» Dataset excerpt:
<<<<

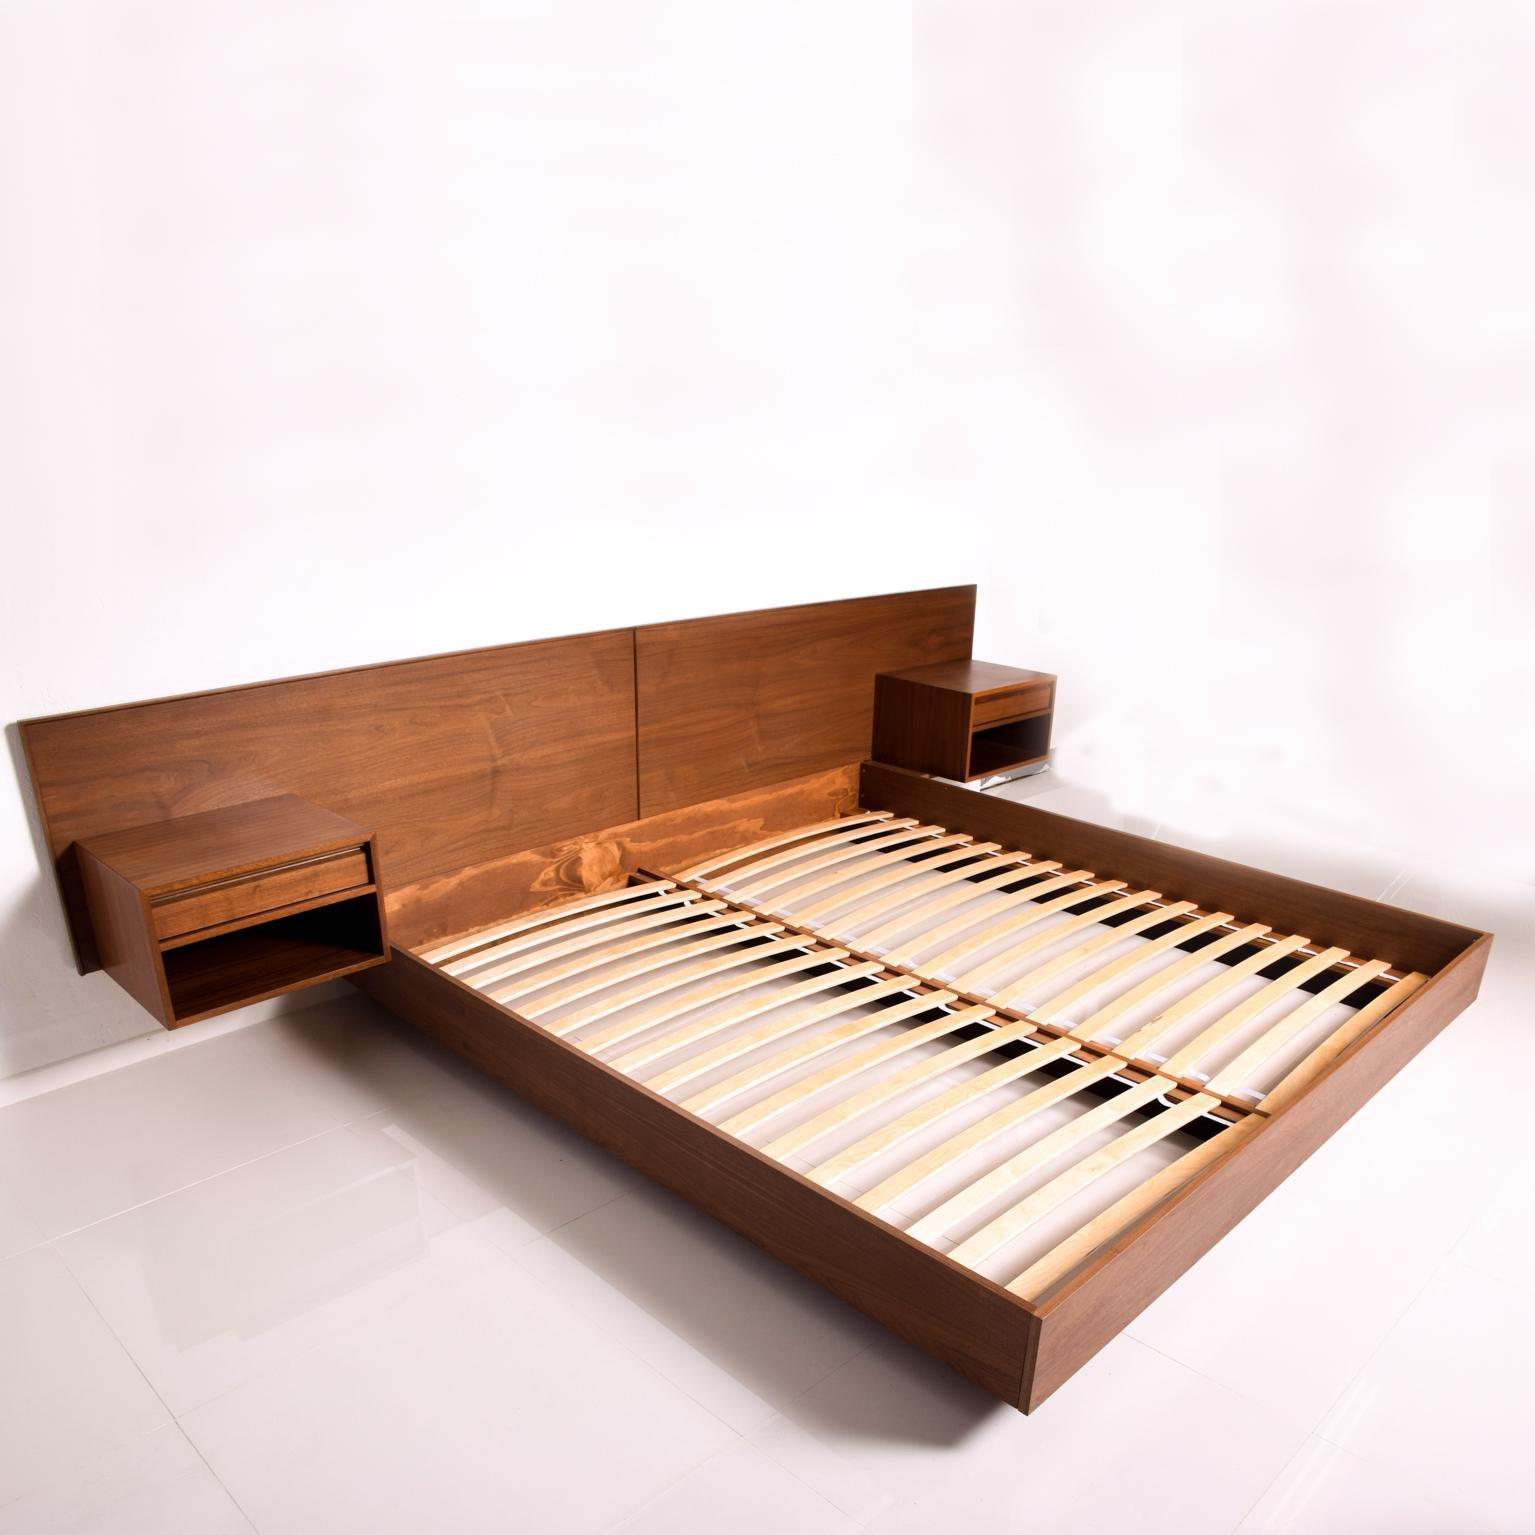 For your consideration a Mid Century Modern Platform Bed King Size in Walnut Wood with Floating Nightstands.Designed by Pablo Romo for Ambianic.
Reference # BEDGM1217192
Amazing Clean Modern Lines- Simple and Elegant.
Dimensions are: 125

>>>>

» Problem to solve: Your response should be the exact lines running from the one with "Amazing Clean Modern" to the final line of the material above.

» Task response:
Amazing Clean Modern Lines- Simple and Elegant.
Dimensions are: 125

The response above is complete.